29 апреля Шмидт уведомил Майделя, что граф Лорис-Меликов признал возможным предоставить аспидную доску с грифелем арестанту под № 2 Нечаеву, но предоставление подобной льготы арестанту под № 3 Мирскому не нашел возможным. Но Нечаев реагировал на компромиссное изобретение барона Майделя неожиданным образом: он отправил коменданту обратно грифельную доску, написав на ней следующее заявление:
«Его Высокопревосходительству
г-ну коменданту Петропавловской крепости
Генерал!
Излагая мою просьбу о позволении мне пользоваться новыми книгами и журналами, я просил Ваше Высокопревосходительство ходатайствовать о том, чтобы мне предоставлена была возможность заниматься серьезно и читать систематически сочинения по философии, истории и политике.
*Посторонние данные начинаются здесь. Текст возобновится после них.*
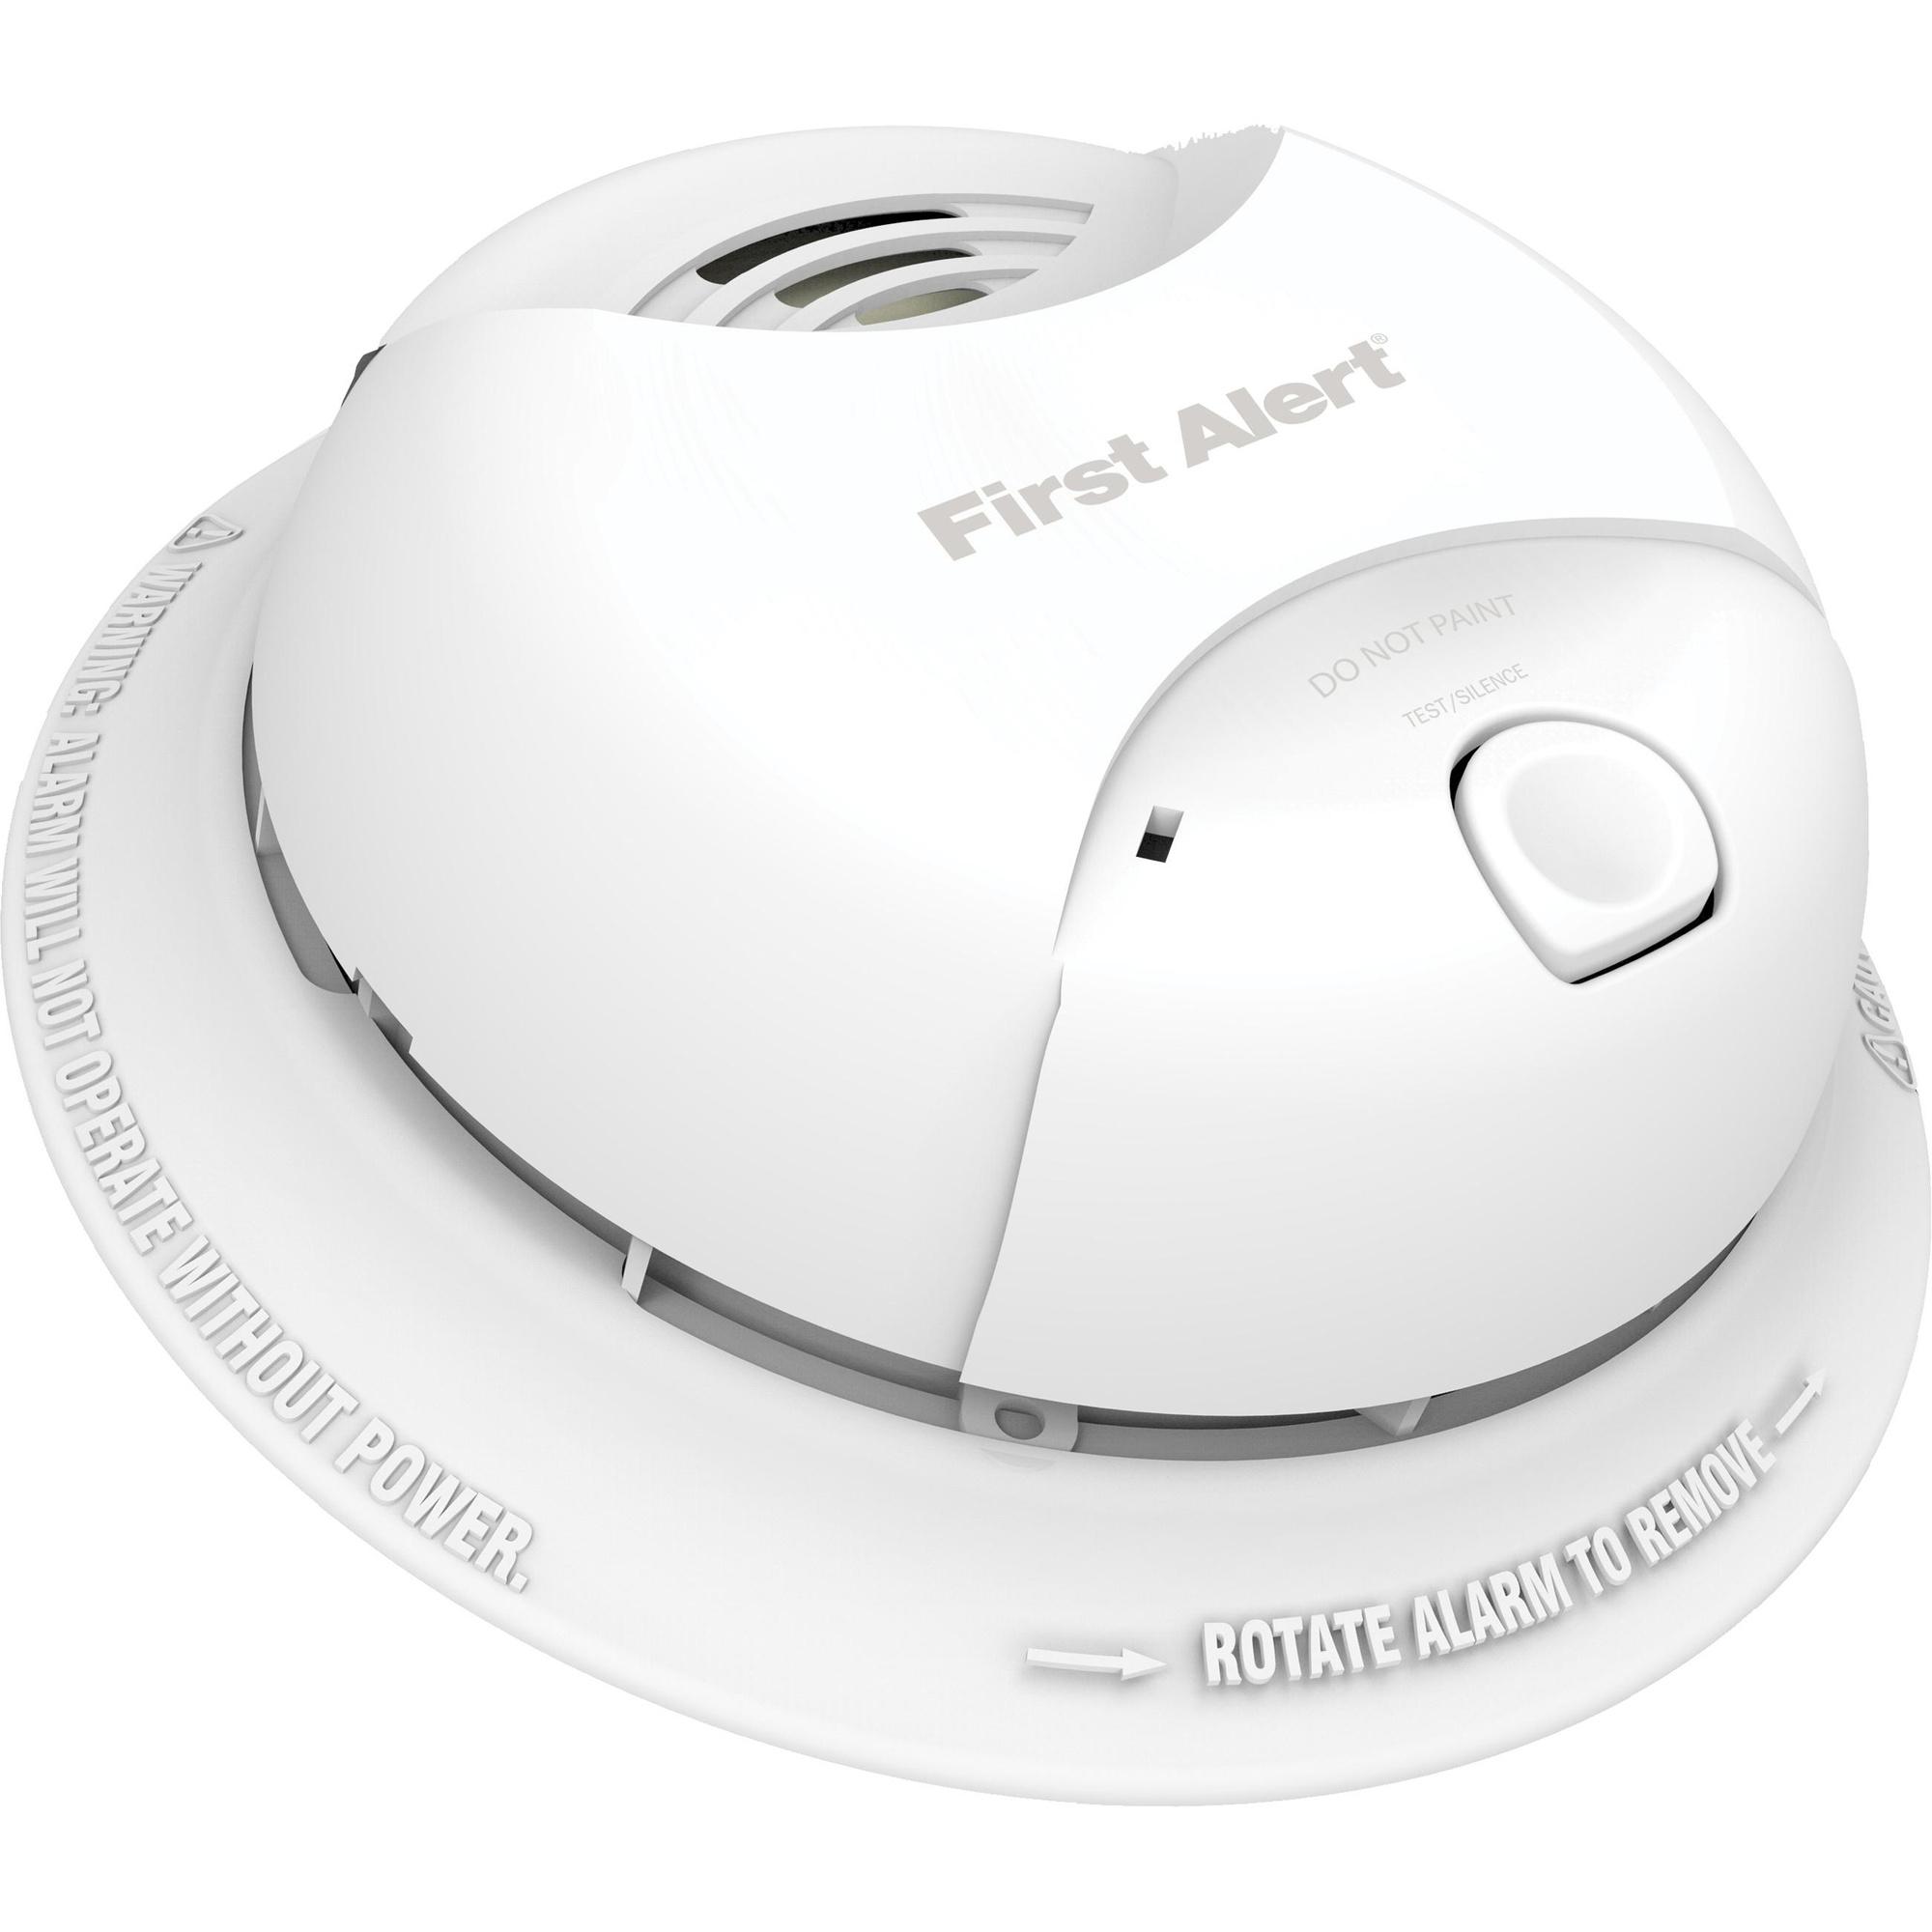 brk sa350b single station dual ionization smoke alarm 9. Black Bedroom Furniture Sets. Home Design Ideas

Но подобное чтение может быть плодотворным только при возможности делать выписки из научных сочинений и заметки о прочитанном; если III Отделению не угодно доставить мне письменных принадлежностей, которыми позволял мне пользоваться граф Левашев в первые годы одиночного заключения, то я просил, в крайнем случае, дать мне хотя записную книжку, куда бы я мог вносить самые краткие необходимейшие заметки для справок при дальнейшем чтении серьезной литературы.